Python provides plenty of tools for reading and visualising different kinds of tabular data. Here we demonstrate using pandas and xlrd to load and manipulate excel data and the display this data in a matplotlib graph. Using a simple custom widget defined in the 'Filtering Widget.ipynb'.

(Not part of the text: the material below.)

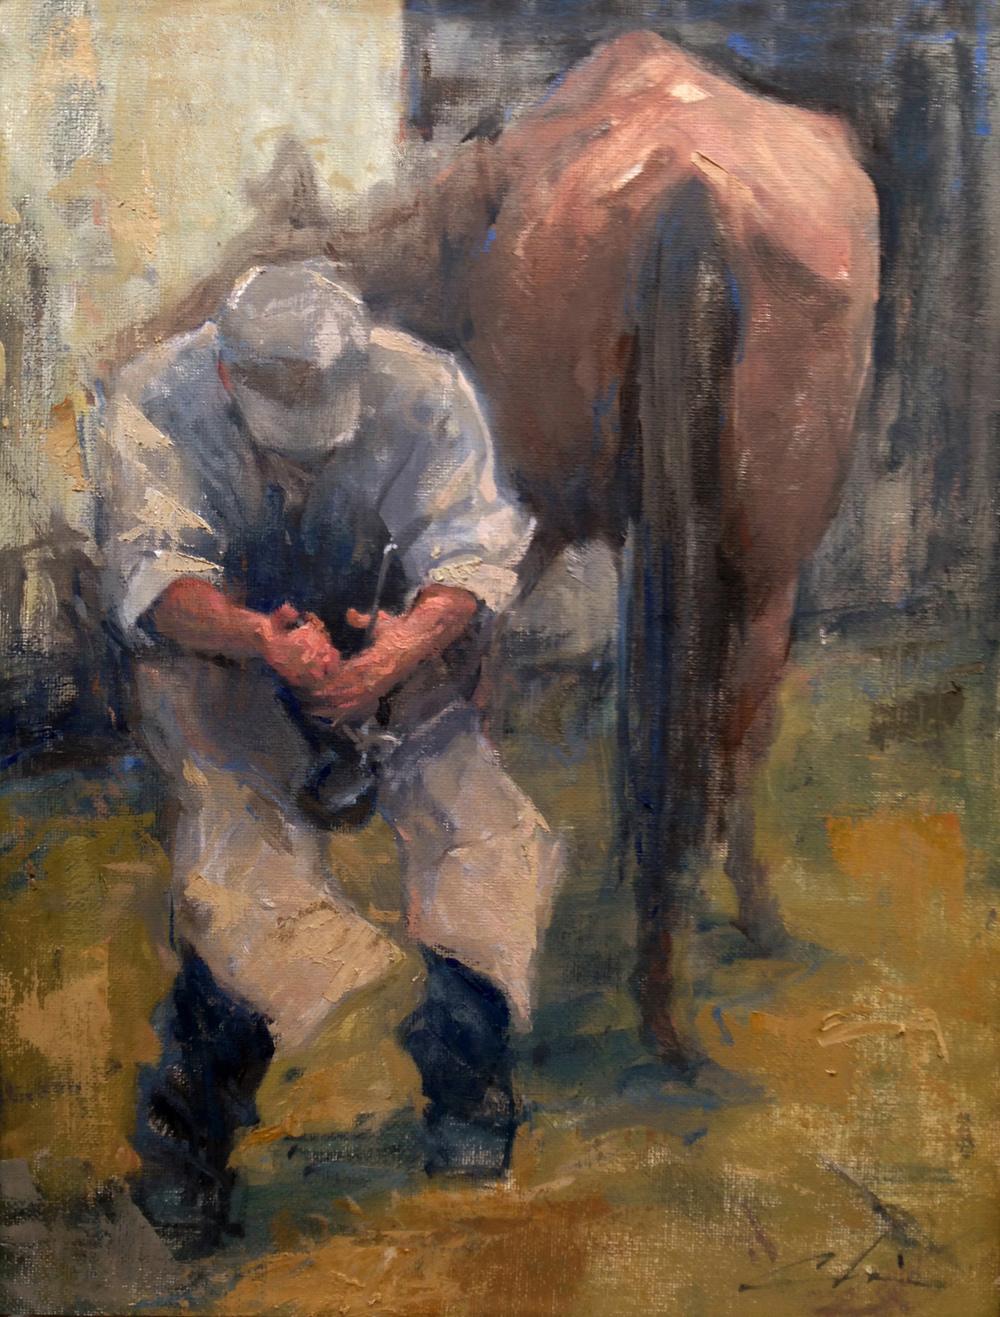 The Farrier, Oils 11 x 14

This notebook was developed by the Oznome Project and is available at https://github.com/oznome/jupyter-examples. The filtering widget was produced in conjunction with the Oznome project as part of the CSIRO EUDM project.



In [155]:

    
import pandas, xlrd, requests, json
from pandas import np
import matplotlib.pyplot as plt
pandas.set_option('display.max_columns', 500)
%matplotlib inline

We request a data record from the CSIRO Knowledge Network



In [82]:

    
response = requests.get("http://kn.csiro.au/api/dataset?id=http%3A%2F%2Foznome.csiro.au%2Fid%2Fdata%2Fdata-gov-au%2Fsaimos-biological-and-flow-cytometry-data-collected-from-ctd-stations-in-south-australia-i-20142")
json_data = response.json()

Exploring the json respone data we can then figure out how to query this record for futher details. First though lets create a class (from https://stackoverflow.com/questions/18873066/pretty-json-formatting-in-ipython-notebook) to make our json easier to explore.



In [159]:

    
import uuid
from IPython.display import display_javascript, display_html, display
import json

class RenderJSON(object):
    def __init__(self, json_data):
        if isinstance(json_data, dict):
            self.json_str = json.dumps(json_data)
        else:
            self.json_str = json_data
        self.uuid = str(uuid.uuid4())

    def _ipython_display_(self):
        display_html('<div id="{}" style="height: 600px; width:100%;"></div>'.format(self.uuid), raw=True)
        display_javascript("""
        require(["https://rawgit.com/caldwell/renderjson/master/renderjson.js"], function() {
        document.getElementById('%s').appendChild(renderjson(%s))
        });
        """ % (self.uuid, self.json_str), raw=True)



In [160]:

    
json_data = response.json()
RenderJSON(json_data)

By using a python list comprehension we can query a particular excel workbook that is referenced in the metadata record



In [84]:

    
url = [resource for resource in json_data["resources"] if "Picophytoplankton" in resource["name"]][0]["url"]
url









    Out[84]:





'http://data.aodn.org.au/IMOS/SAIMOS/Flow_Cytometry/2014/07/2014_07_SAIMOS_ANMN_Picophyto_FV02.xls'

Then using requests we can query the specific excel workbook and open it using xlrd



In [85]:

    
r = requests.get(url)
book = xlrd.open_workbook(file_contents=r.content)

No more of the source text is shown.